-
l-m
hello all. i am the creator of RandomX.js (
github.com/l1mey112/randomx.js) and i would like to ask for feedback
-
l-m
i am currently in the process of speculating how i can make performance improvements, being that my library is only 5 times slower than the reference implementation. if i can make 10% improvements here and there, i would be happy to reach even 25-35 H/s at most
-
l-m
i have an issue tracker here for performance tweaks:
l1mey112/randomx.js #1
-
l-m
there has not been a webmining implementation of the monero POW in years, would anyone be able to gauge the performance of previous cryptonight POW webminers compared to the hashrate of mine?
-
sech1
Cudos for effort, although the biggest performance hit is inability to use the 2GB full dataset mining mode.
-
sech1
fused multiply-add instructions can't be used because they don't do rounding between MUL and ADD, so the end result will be different
-
l-m
i use FMA instructions for efficient emulation of the differing counting modes. for example you can take a multiplication and subtract the result of that multiplication from itself "without an intermediate round", to get the error in that operation. you can take that error and adjust the final floating point number by branching on the sign of that
-
l-m
error term. look up compensated summation/two-sum, two-product, error free transforms.
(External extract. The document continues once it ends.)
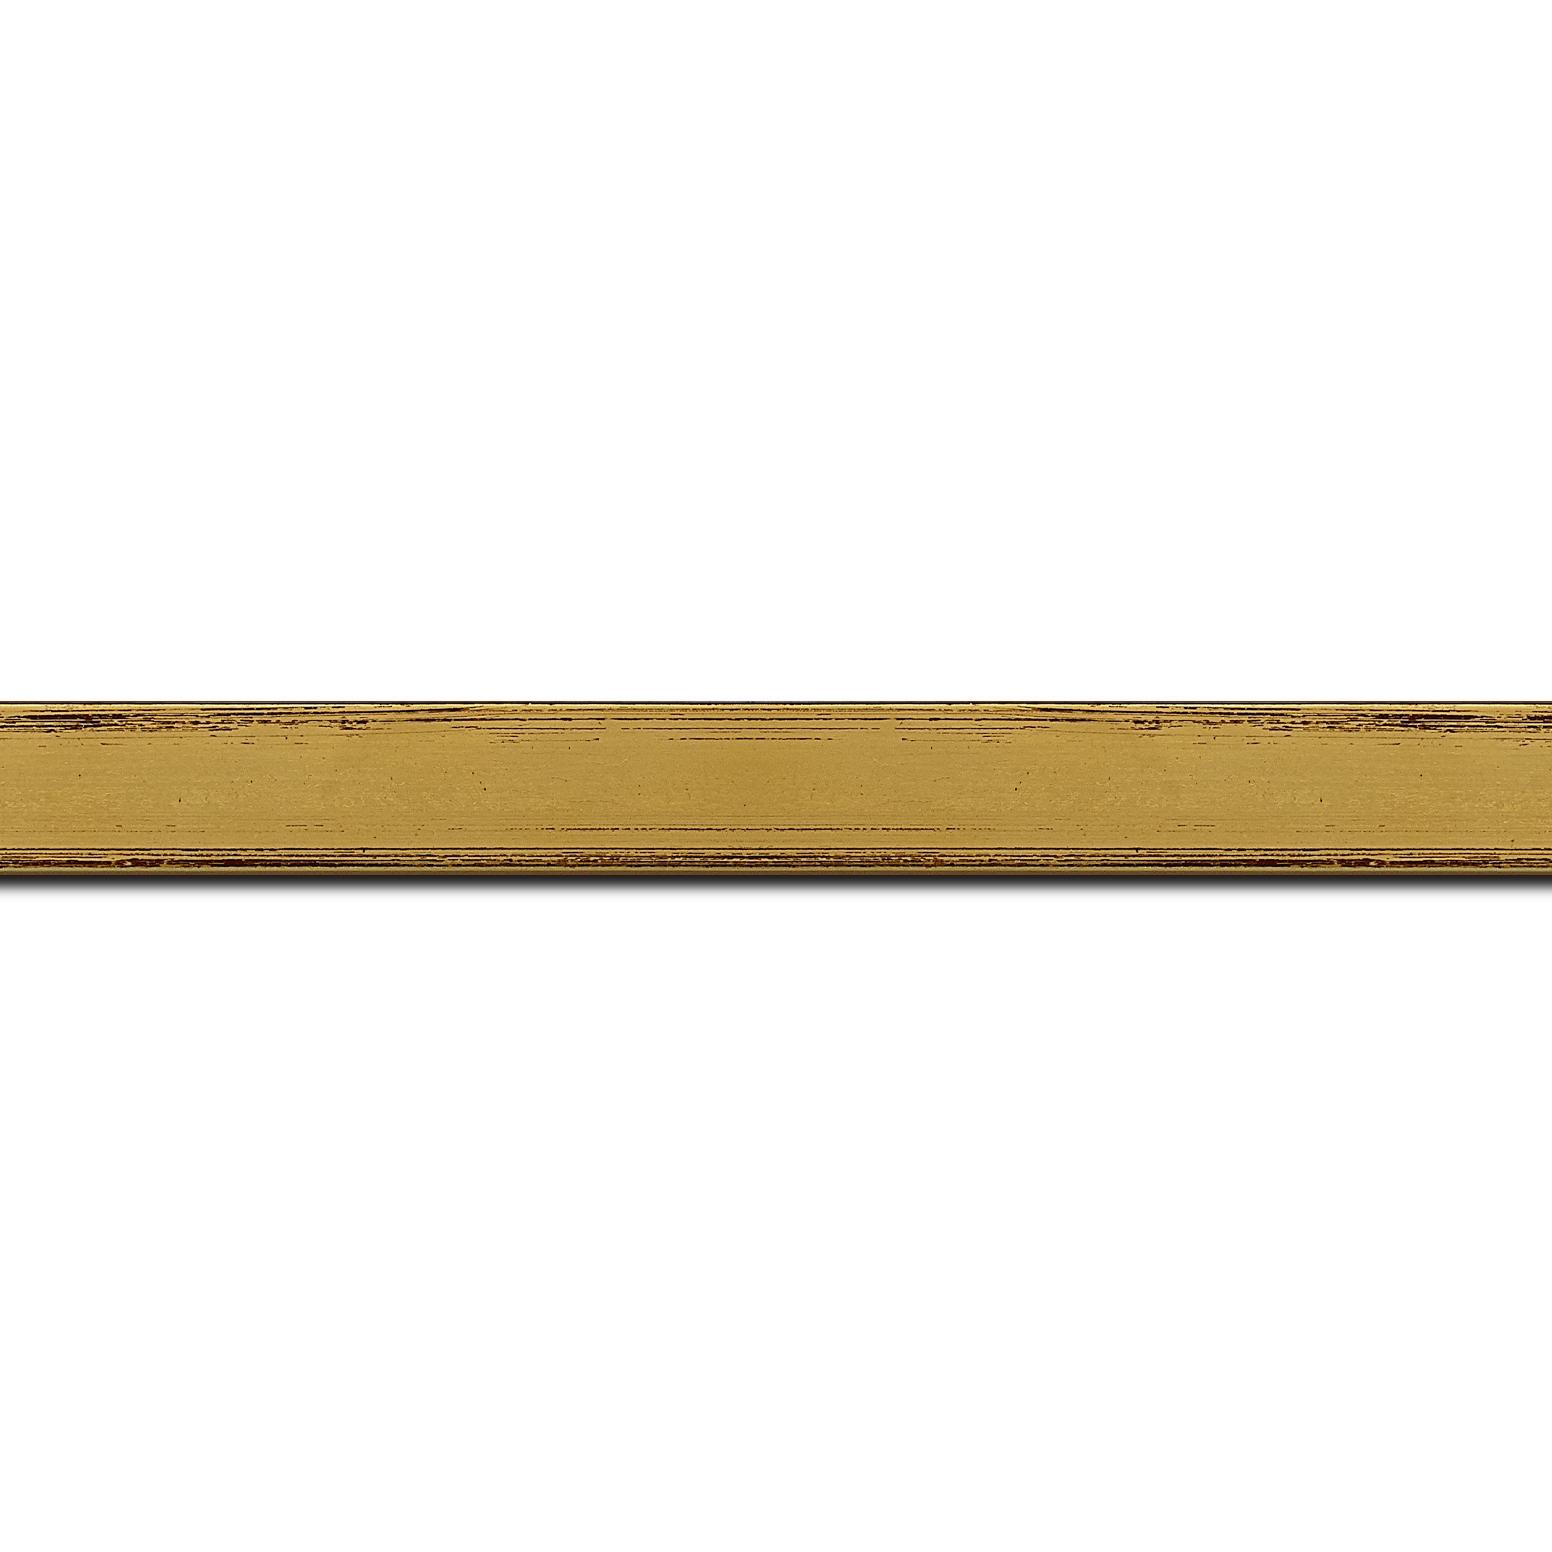 Baguette longueur 1.40m bois profil plat largeur 2.1cm hauteur 3.8cm couleur or coté extérieur foncé. finition haut de gamme car dorure à l'eau fait main

indico.cern.ch/event/313684/contrib…nts/600513/826490/FPArith-Part2.pdf for an introduction
-
l-m
implementations of different rounding modes with FMA are just a couple cycles slower, but without FMA you can still emulate it effectively with a ~10 FP operation overhead, even less on superscalar + out of order machines.
-
l-m
directed rounding isn't my problem really, its just the AES. though there is no way to be sure without instrumentation/performance counters which i am working on currently
-
sech1
Ah, FMA is for this purpose. Then it should work. I used it for the same purpose in my RandomX OpenCL code, it works and it's deterministic.
-
sech1
Software AES gives ~30% slowdown in the native code, it should be probably the same in WebAssembly
-
l-m
given this then, im guessing all of the overhead lies in the fact that repeat instantiations of the JIT WASM code 8 times per chained VM execution is the issue.
-
l-m
there is just too much overhead performing `new WebAssembly.Module()`
-
l-m
there is work done for WebAssembly baseline JITs to make this faster, but in reality the library incurs cost generating the WASM, then allowing the host to generate the native code
-
sech1
That 1 h/s per thread estimate was made way back in 2019, WASM was probably in much worse shape back then
-
sech1
Or I think the estimate was made for a pure JS interpreter
-
l-m
pure JS interpreter most likely
-
sech1
There was even an implementation made in 2019 by someone, I remember checking that website and it indeed was less than 1 h/s
-
sech1
But they didn't even verify correctness of the hashes
-
l-m
i could have seen RandomWOW being much faster than RandomX due to its "light" implementation, but the fact that it uses 16 chained executions means i loose out on all gains
-
l-m
i just checked, and on the randomwow branch after adjusting the amount of program iterations from 16 to 8 i achieve 48 H/s
-
l-m
reaching true a "light" randomx
-
sech1
"there is just too much overhead performing `new WebAssembly.Module()`" can't you keep the instance between RandomX VM executions? I'm not very familiar with WASM
-
l-m
sech1 the JIT generates a randomx program in WASM, which needs to be instanciated to be converted to native code, 8 times per chained execution. JIT -> WASM -> new WebAssembly.Module() -> native code. the JS runtime/host needs to perform another step converting the WASM to native code, in a native environment, you can just JIT the native code.
-
l-m
to run WASM code, the host needs to compile it some way into native code. there is quite an overhead doing so, you don't get access to native code immediately
-
sech1
So it's kind of running a compiler to get native code, every time. Yes, it will be slow.
-
l-m
especially if you're only using it once and throwing it away, there is no chance to optimise at all and you'll be left with the subpar baseline JIT
-
l-m
v8.dev/blog/liftoff - v8 for example would generate subpar code for the randomx VM
-
hyc
well yes, that's all to be expected. the point was making each program run only once before chaining to the next one, so none of the first is reusable
-
m-relay
<iudfasjdjf:luc.cat> black lives dont matter nigger!
-
l-m
hello again. can someone provide me resources on how to better understand how xmrig works and the stratum protocol? i am looking to reimplement the randomx part of xmrig to run in the browser, and release it as open source software (with a small dev fee, like xmrig)
-
l-m
i am quite new to the implementations of cryptocurrency mining, it would be good to understand how block templates work, nonces when mining, im all very new
-
l-m
i saw that sech1 is a developer on xmrig, maybe you could give me a small rundown?